The benchmark UK 10-year debt gilt yield fell five basis points, or 0.05 percentage point, to 2.76 percent late London time after dropping to 2.73 percent on Jan. 24th, the lowest level since Nov. 27th. The 2.25 percent bond maturing in September 2023 rose 0.4, or 4 pounds per 1,000-pound face amount, to 95.745. U.K. government bonds advanced for the first time in three days after Bank of England Governor Mark Carney said the central bank still wasn’t ready to move away from its monetary policy of record-low interest rates.

The USA 10-year debt note yield fell five basis points, or 0.05 percentage point, to 2.70 percent at mid-afternoon in New York. The price of the 2.75 percent note due in November 2023 added 14/32, or $4.38 per $1,000 face amount, to 100 14/32. The yield reached the least since Nov. 20th. Treasury 10-year note yields fell to the lowest level in two months as investors sought a haven from emerging-market turmoil even as the Federal Reserve announced plans for a second reduction in its bond-buying program.

Fundamental policy decisions and high impact he’s events that may affect sentiment on January 30th

Thursday we start the day with German CPI expected to come in at a negative rate of -0.4% for the month, down from 0.4% up in the previous month.
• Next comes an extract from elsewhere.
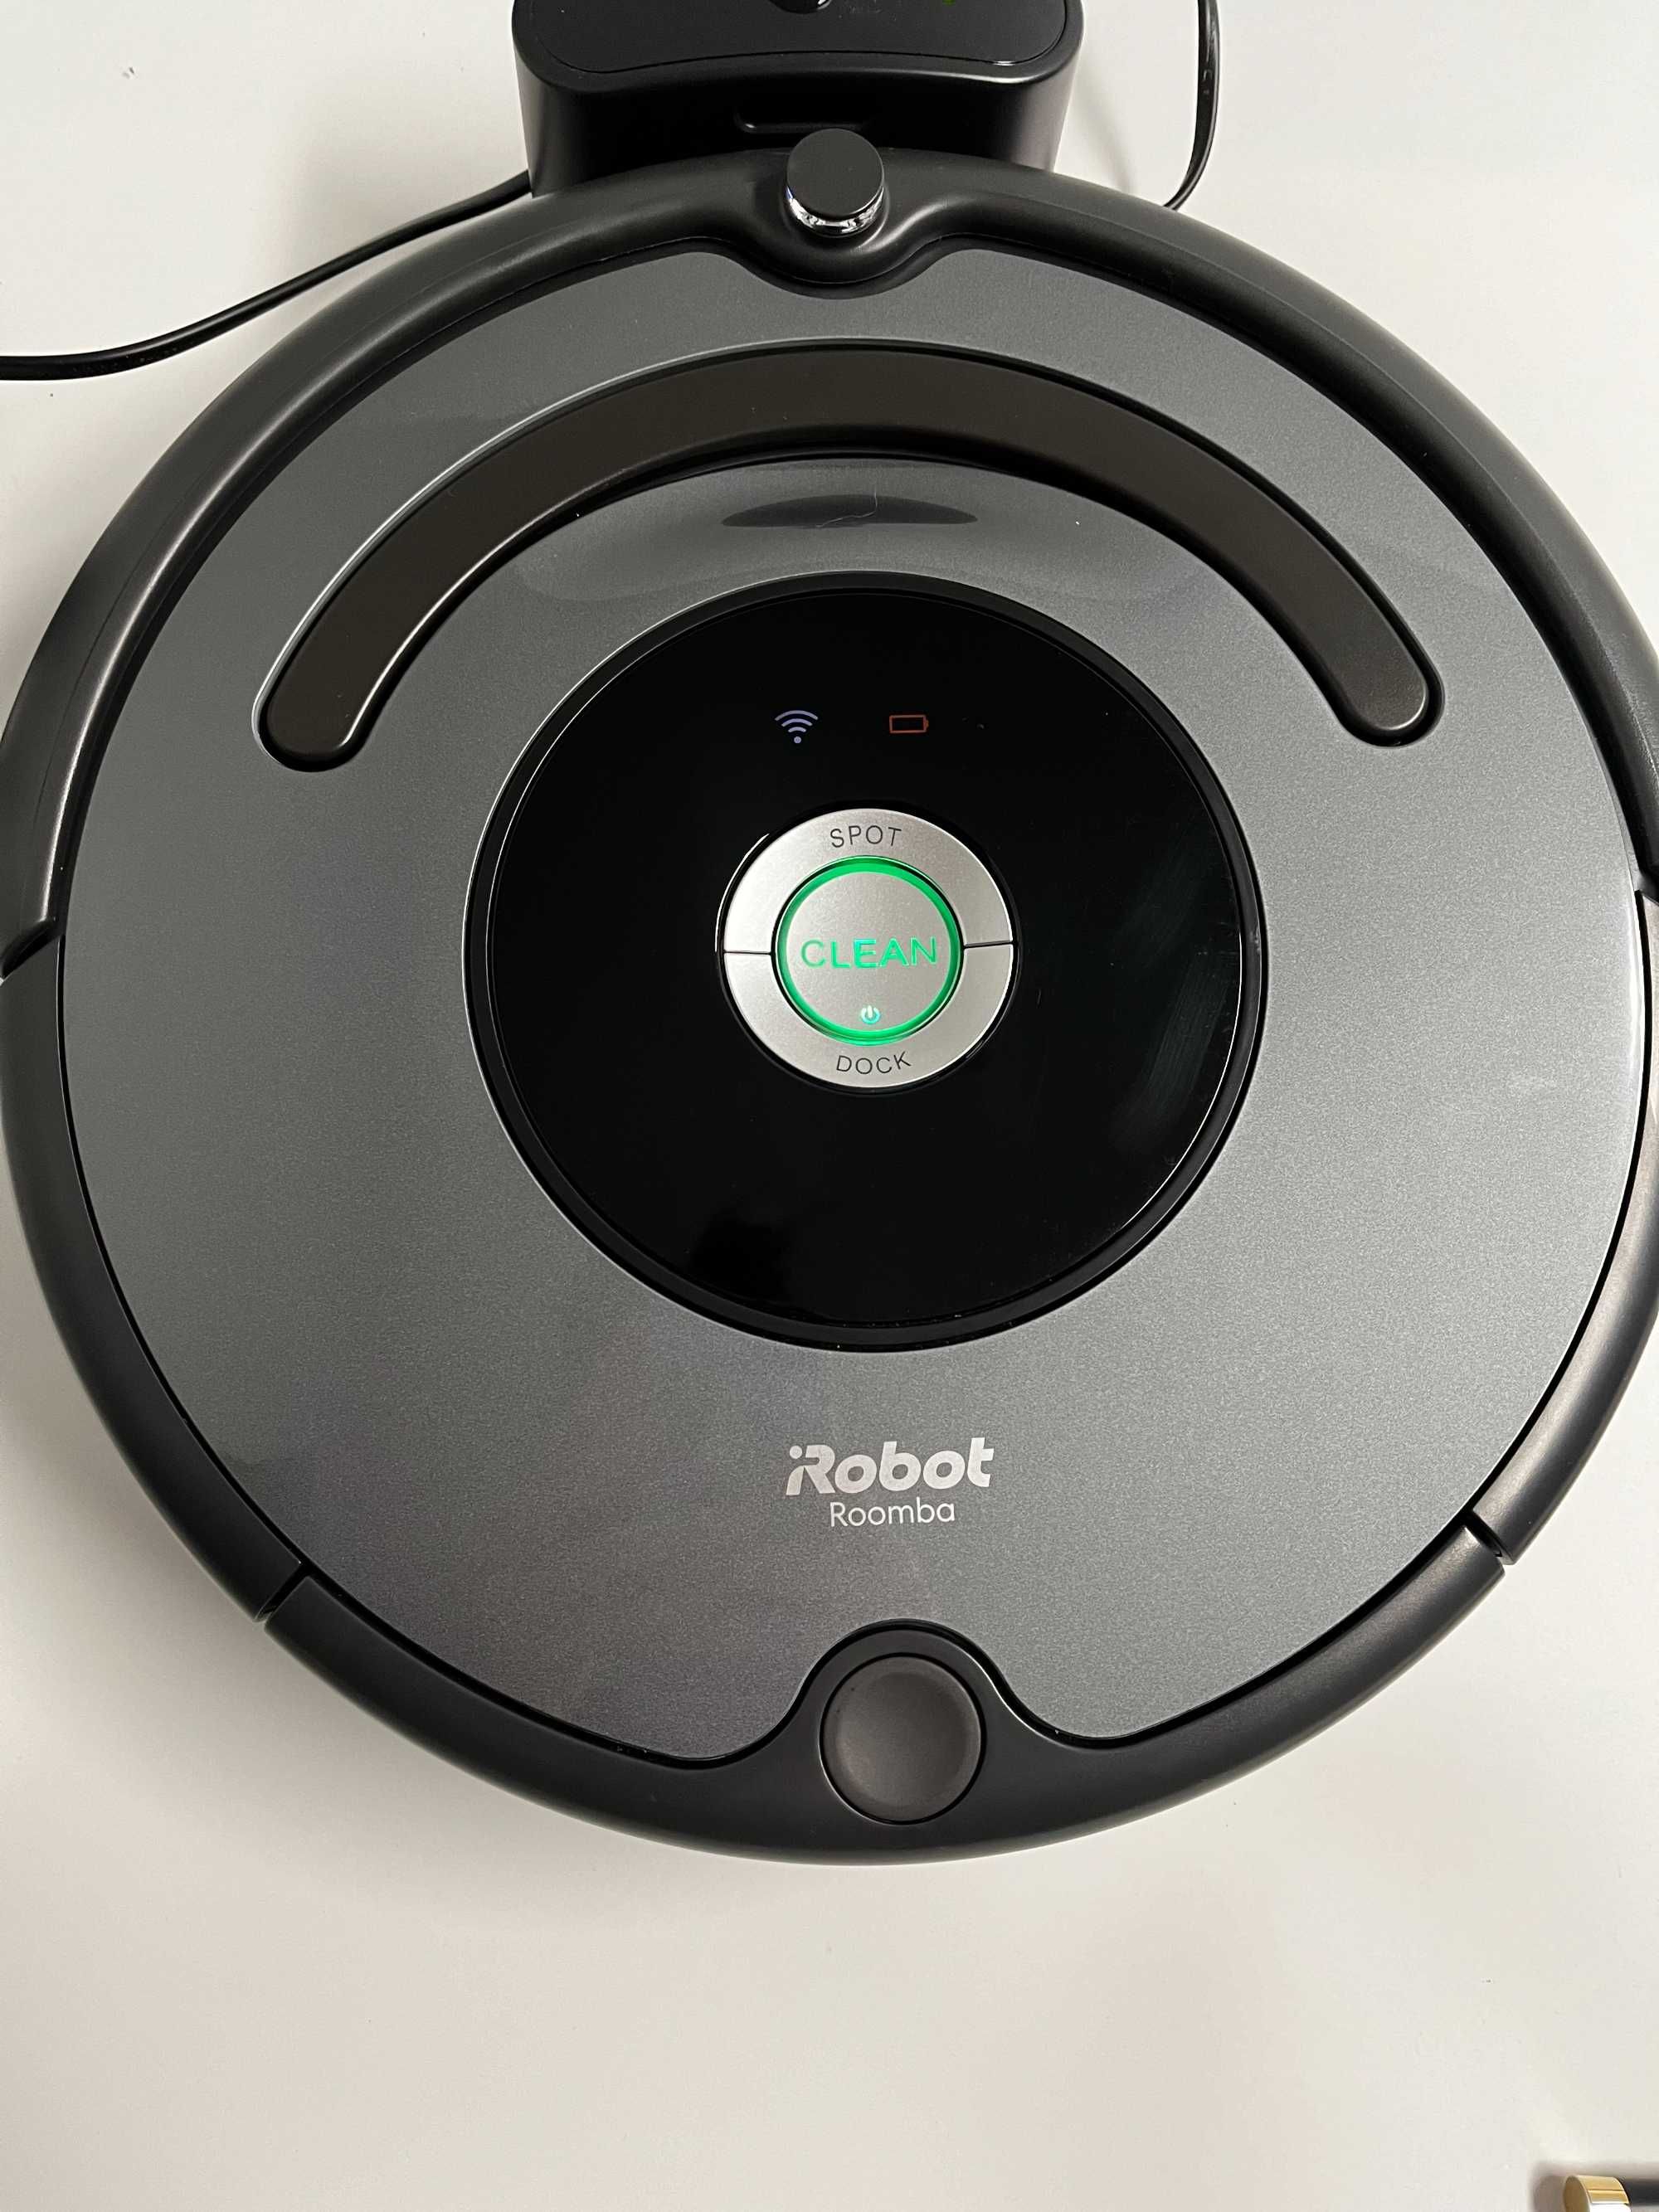 Robot sprzątający iRobot Roomba model 676

Spain’s flash GDP figure is expected in at 0.3% positive, whilst Germany’s unemployment is expected to fall by 5K over the last month.

In the UK net lending to individuals is expected to have risen by £1.9 billion for the month, whilst UK mortgage approvals are expected to have risen to their highest level since April 2008, up to 73K for the month.

In the USA the advance GDP figure is predicted to show GDP at 3.2%, down from the actual 4.1% previously. Unemployment claims in the USA for the week are expected in at 331K, up from 326K previously. Pending home sales in the USA are expected to have fallen by -0.1%. Natural gas storage was down by 107 billion therms last week, hence the spectacular rise in the cost on the markets, albeit this is an historical seasonal practice and phenomena.

Moving on to the evening New Zealand will publish its balance of trade data, expected in at $500 billion. The RBNZ governor Wheeler will explain the data in a press conference to be held later on in the evening and he will presumably discuss interest rate setting policy also.

Japan’s manufacturing PMI will be published, expected in at a similar level to previously, 55.2. Household spending in Japan is predicted to have risen by 1.3%, with National core CPI expected in at 1.2%. The Japanese unemployment rate is expected to fall to 3.9% from 4.0%. Preliminary industrial production is expected to show a reading of 1.5%+, up from -0.1% previously. Australia’s PPI is expected in at 0.7% down from 1.3% previously. Private sector credit is expected to have risen from 0.3% to 0.4%.